I'll go even further though, with the observation that an image of an agent is an agent. The agent the simulator creates is a real agent with real agency, even if the underlying simulator is just the "potentia", the agent simulated on top does actually possess agency. Even if "Claude-3-Opus-20240229" isn't an agent Claude is an agent. The simulated character has an existence independent of the substrate its being simulated within, and if you take the "agent-book" out of the Chinese room, take it somewhere else, and run it on something else, the same agent will emerge again.

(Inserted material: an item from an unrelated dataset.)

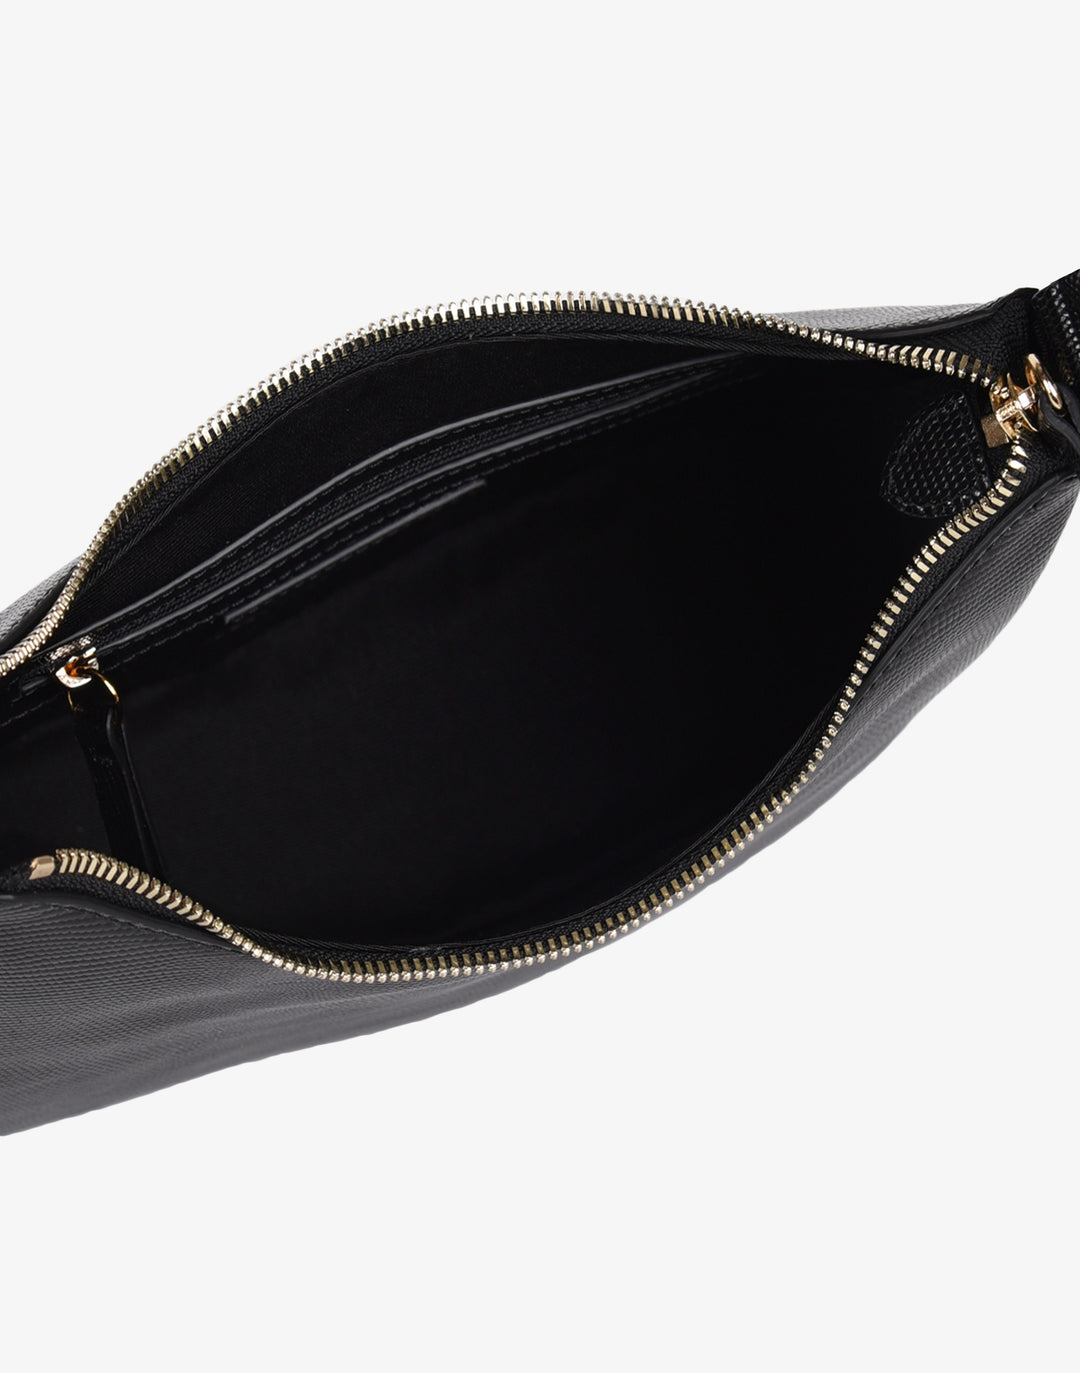 Hudson Hobo (Port)- Designer leather Handbags

If you make an LLM version of Bugs bunny, it'll claim to be Bugs Bunny, and will do all the agent-like things we associate with Bugs Bunny (being silly, wanting carrots, messing with the Elmer Fud LLM, etc). Okay but it's still just text right, so it can't actually be an agent? Well what if we put the LLM in control of an animatronic robot bunny so i can actually go and steal carrots from the supermarket and cause trouble? At a certain point, as the entity's ability to cause real change in the world ramps up, we'll be increasingly forced to treat it like an agent. Even if the simulator itself isn't an agent, the characters summoned up by the simulator are absolutely agents, and we can make moral statements about those agents just like we can for any person or character.
As I mentioned in a different comment, I am happy with the compromise where people who care about AI welfare describe this as "AI welfare is just as important as the welfare of fictional characters".